Wells are generally drilled to recover natural deposits of hydrocarbons and other desirable, naturally occurring materials trapped in geological formations in the earth's crust. A slender well is drilled into the ground and directed to the targeted geological location from a drilling rig at the surface. In conventional “rotary drilling” operations, the drilling rig rotates a drillstring comprised of tubular joints of steel drill pipe connected together to turn a bottom hole assembly (BHA) and a drill bit that is connected to the lower end of the drillstring. During drilling operations, a drilling fluid, commonly referred to as drilling mud, is pumped and circulated down the interior of the drillpipe, through the BHA and the drill bit, and back to the surface in the annulus.
Once a formation of interest is reached in a drilled well, drillers often investigate the formation and the deposits therein by obtaining and analyzing representatives samples of rock at multiple locations in the well. Each representative sample is generally cored from the formation using a hollow coring bit, and the sample obtained using this method is generally referred to as a core sample. Once the core sample has been transported to the surface, it may be analyzed to assess the reservoir storage capacity (porosity) and the flow potential (permeability) of the rock material that makes up the formation, the chemical and mineral composition of the mineral deposits residing in the pores of the formation, and to measure the irreducible water content of the rock material. The information obtained from analysis of the sample is used to design and implement well completion; that is, to selectively produce certain economically attractive formations from among those accessible by the well. Once the driller has decided upon a well completion plan, all formations except those specifically targeted for production are isolated from the target formations, and the deposits within targeted formations are selectively produced through the well.
Several coring tools and methods of obtaining core samples have been used. Conventional coring occurs where the drillstring is removed from the wellbore and a rotary coring bit having a hollow interior for receiving the cut core sample is run into the well on the end of the drillstring. The core obtained using conventional coring is taken in the path of the drillwell; that is, the conventional coring bit is substituted in the place of the drill bit and the portion of the formation in the path of the well is sampled instead of ground up and removed from the well by the mud flow. Sidewall coring occurs where the core sample is taken from the bore wall of the drilled well.

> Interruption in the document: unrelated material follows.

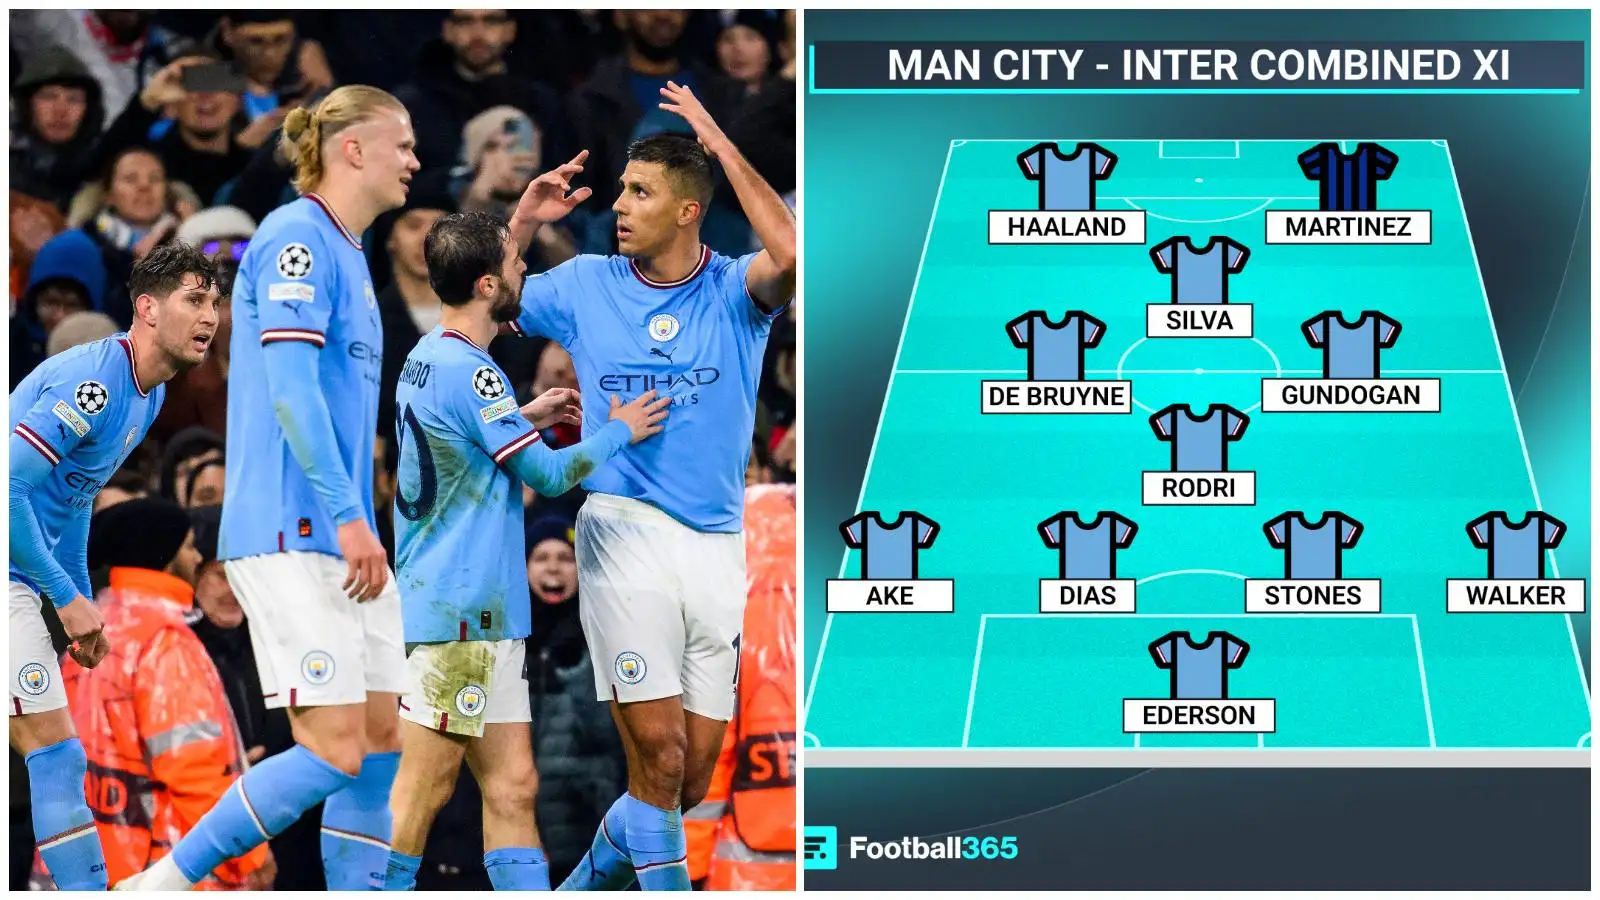 Man City - Inter combined XI

There are generally two types or categories of sidewall coring tools, rotary and percussion. Rotary coring is generally performed by forcing an open, exposed end of a hollow cylindrical coring bit against the wall of the bore hole and rotating the coring bit against the formation. The coring tool is generally secured against the wall of the bore hole or well with the rotary coring bit oriented towards the opposing wall of the bore adjacent to the formation of interest. The coring bit is generally deployed from the coring tool and against the bore wall by an extendable shaft or other mechanical linkage that is also used to rotate the coring bit against the formation. The coring bit generally has a cutting edge at one end, and the coring tool generally imparts rotational and axial force to the coring bit through the shaft or other mechanical linkage to cut the core sample. Depending on the hardness and degree of consolidation of the target formation, the core sample may also be obtained by vibrating or oscillating the open and exposed end of a hollow bit against the wall of the bore hole or even by application of axial force alone. The cutting edge of the bit is usually embedded with carbide, diamonds or other hard materials with superior hardness for cutting into the rock portion of the target formation.
As the core sample is cut and the bit advances into the formation, the core sample is received within the hollow barrel of the coring bit. After the desired length of the core sample or the maximum extension of the coring bit is achieved, the core sample is generally broken from its remaining interface or connection with the formation by displacing the coring tool and, through displacement of the linkage used to extend and impart motion to the coring bit, tilting the coring bit and the protruding core sample within the bit from their cored orientation. The core sample is usually broken free at the remaining interface with the formation by displacement of the coring tool within the wellbore, thereby imparting a breaking moment to the core sample through the coring bit. After the core sample is broken free from the formation, the hollow coring bit and the core sample received within the barrel of the coring bit are retrieved into the coring tool through retraction of the coring shaft or mechanical linkage that is used to deploy the coring bit to, and to rotate the coring bit against, the formation. Once the coring bit and the core sample have been retracted to within the coring tool, the retrieved core sample is generally ejected from the coring bit to allow use of the coring bit for obtaining subsequent samples at the same or other formations of interest. When the coring tool is retrieved to the surface, the recovered core sample is transported within the coring tool for analysis and tests. The present invention is designed for use with this type of coring process.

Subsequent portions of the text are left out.